第14話
◆異世界の技術レベルは何故、中世で止まっているのか?
「転生者はスマートフォンも火薬も知っているのに、なぜ異世界は一向に近代化しないのか?」
そんな疑問を抱いたことのある読者は少なくないだろう。
だが実は、「知っている」ことと「作れる」「広められる」ことの間には、大きな隔たりがある――。
異世界転生小説における“技術の出し惜しみ”は、単なる物語上の都合ではなく、むしろ現実的な制約として考えた方が腑に落ちるケースも多い。

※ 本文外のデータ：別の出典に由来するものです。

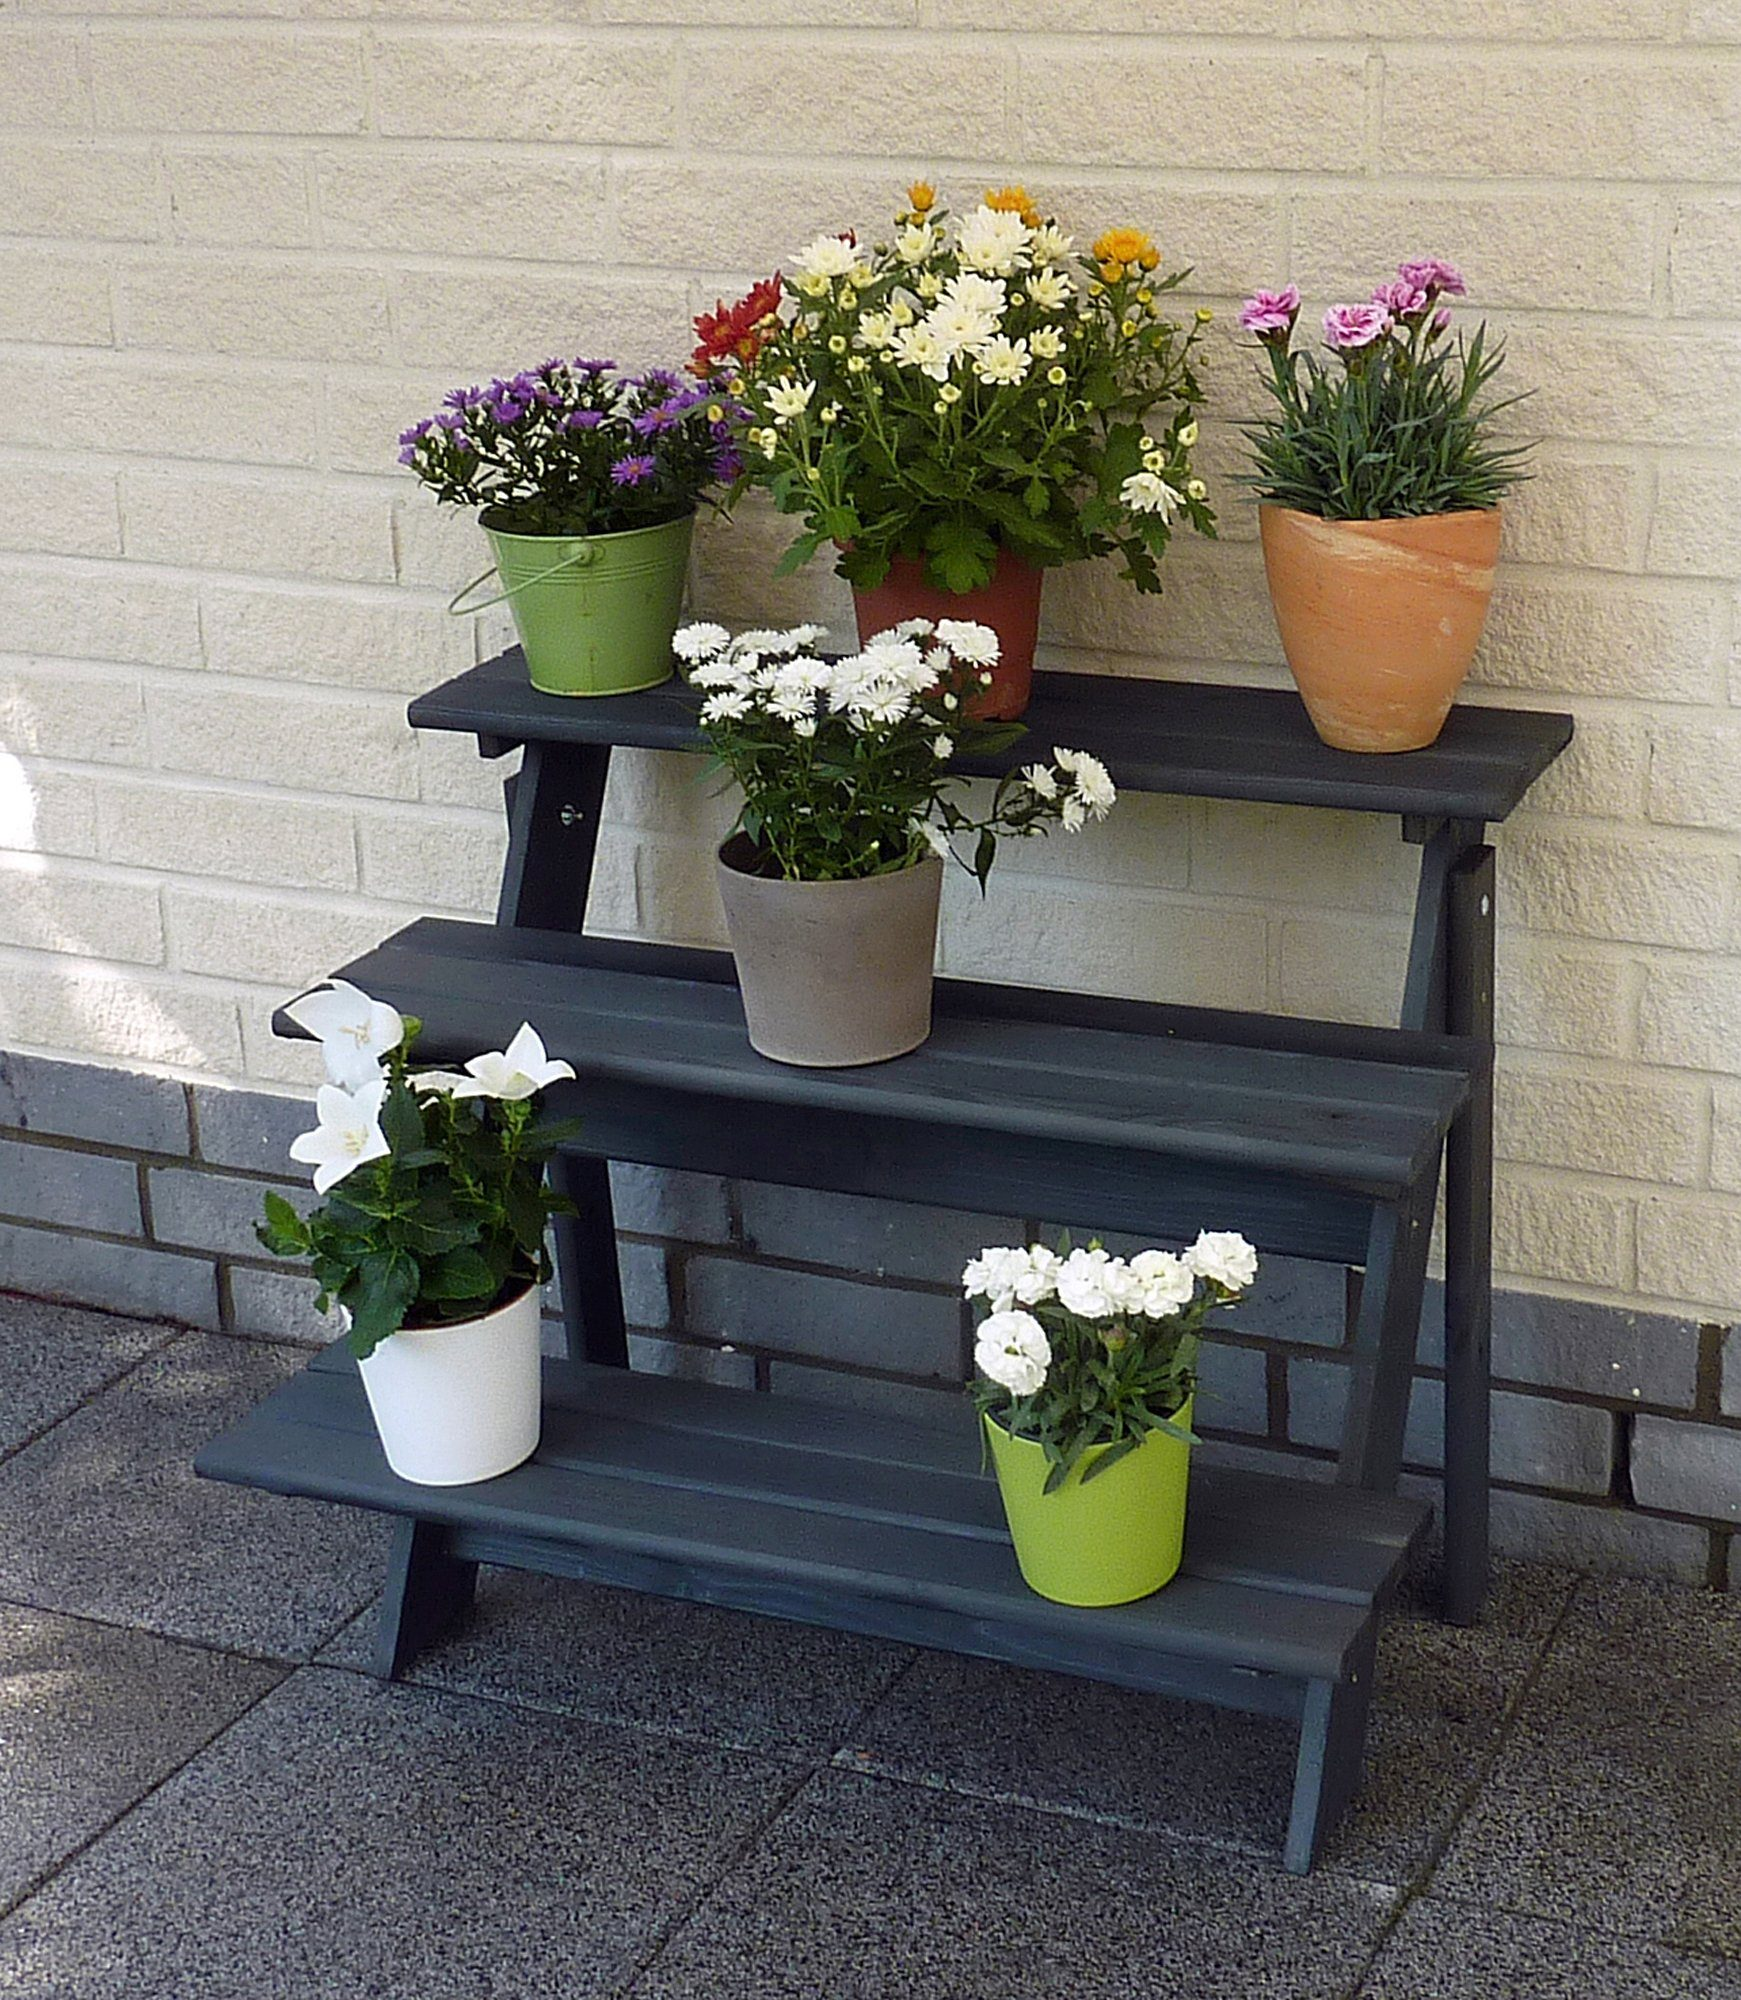 PROMADINO Blumentreppe »Anja«, BxTxH: 78x55x62 cm

たとえば火薬一つを取っても、必要となるのは硝石・硫黄・炭といった素材の調達に加え、それを扱う労働力、危険性を管理できる設備、そしてそれを必要とする社会的な需要や軍事的意義といった前提条件や制約がある。転生者が構造を知っていたとしても、異世界の流通網や人的資源では再現が困難である可能性が高い。
また、“異世界の民は無知で保守的だから技術を受け入れない”という描写も見られるが、現実の社会でも新技術が定着するには教育・制度・文化の整備が不可欠だ。

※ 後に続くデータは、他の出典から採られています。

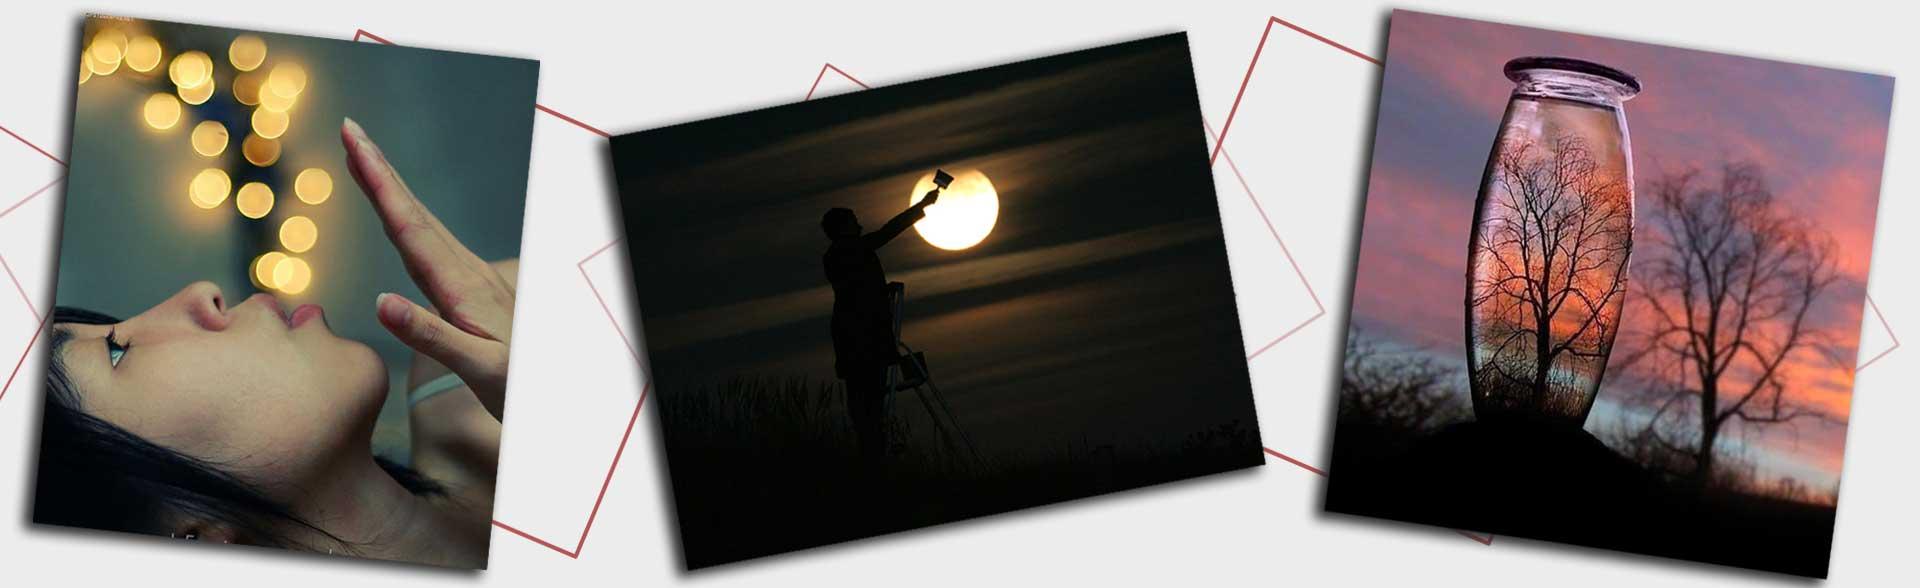 Creative photography 9 - اهمیت خلاقیت در عکاسی

現代でもスマートフォンが社会の隅々にまで浸透するのに10年を要した。開発期間も含めれば20年以上だろうか。
異世界であれば尚のこと、識字率・製造業・電力インフラといった前提条件を満たすだけで一世代かかっても不思議ではない。
「知識」という火種は確かに大きい。
だが、それを灯火に変えるには、乾いた薪=資源、炉=制度、そして風=人の手が必要なのだ。
物語上、転生者の技術は“魔法”のように語られることが多い。
だが、実際に起こるのは“魔法革命”ではなく“産業革命”である。
それは試行錯誤と失敗と年月の中で、少しずつ形になっていくものであり――だからこそ、そこにリアリティが宿る。
技術が生まれ、社会が変わり、世界が再編されるには、
“ただ知っている”だけでは足りない。
異世界の文明がすぐには変わらないのは、
その世界が“リアル”であることの、証明かもしれない。
文・構成:山田ソウタ(ライター/文化誌「リレキ」編集部)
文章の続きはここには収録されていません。